TileLang: Pythonic DSL for GPU Kernels

TileLang: Pythonic DSL for GPU Kernels | Generated by AI

Home 2026.06

Question: What is tile-ai/tilelang?

Answer:

TileLang is a Pythonic DSL for writing high-performance GPU/CPU kernels, built on top of TVM as a compiler backend. Think of it as the “middle ground” between writing raw CUDA/HIP (tedious, not portable) and using cuBLAS/CUTLASS (opaque, not flexible) — you get close-to-metal control with Python ergonomics.

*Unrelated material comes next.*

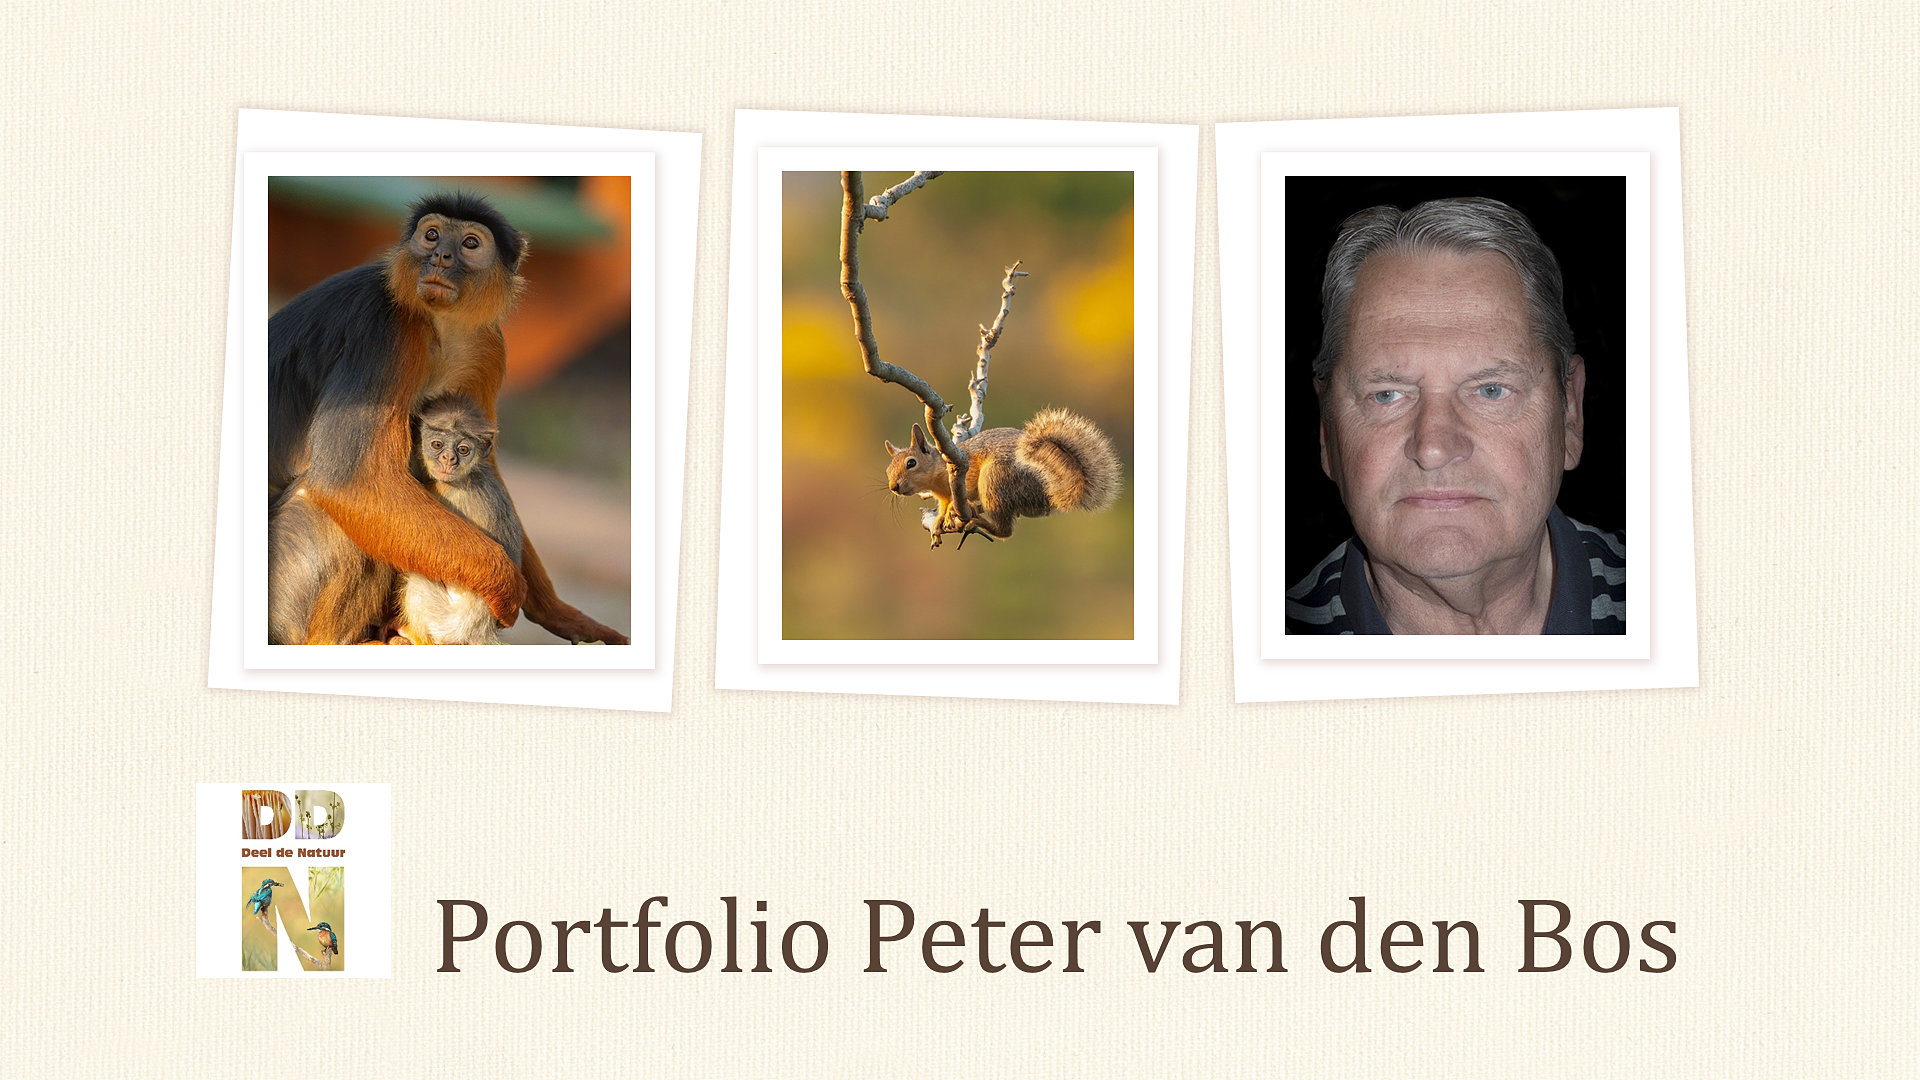 Spotlight portfolio Peter van den Bos

6.5k stars, 597 forks — it’s gaining real traction.

What problem it solves

Writing kernels like FlashAttention, GEMM, or MLA by hand in CUDA requires dealing with:

tile/block/thread hierarchy manually
shared memory layout, bank conflicts
async copy, pipelining (TMA on Hopper)
warp-level matmul intrinsics (WMMA/WGMMA)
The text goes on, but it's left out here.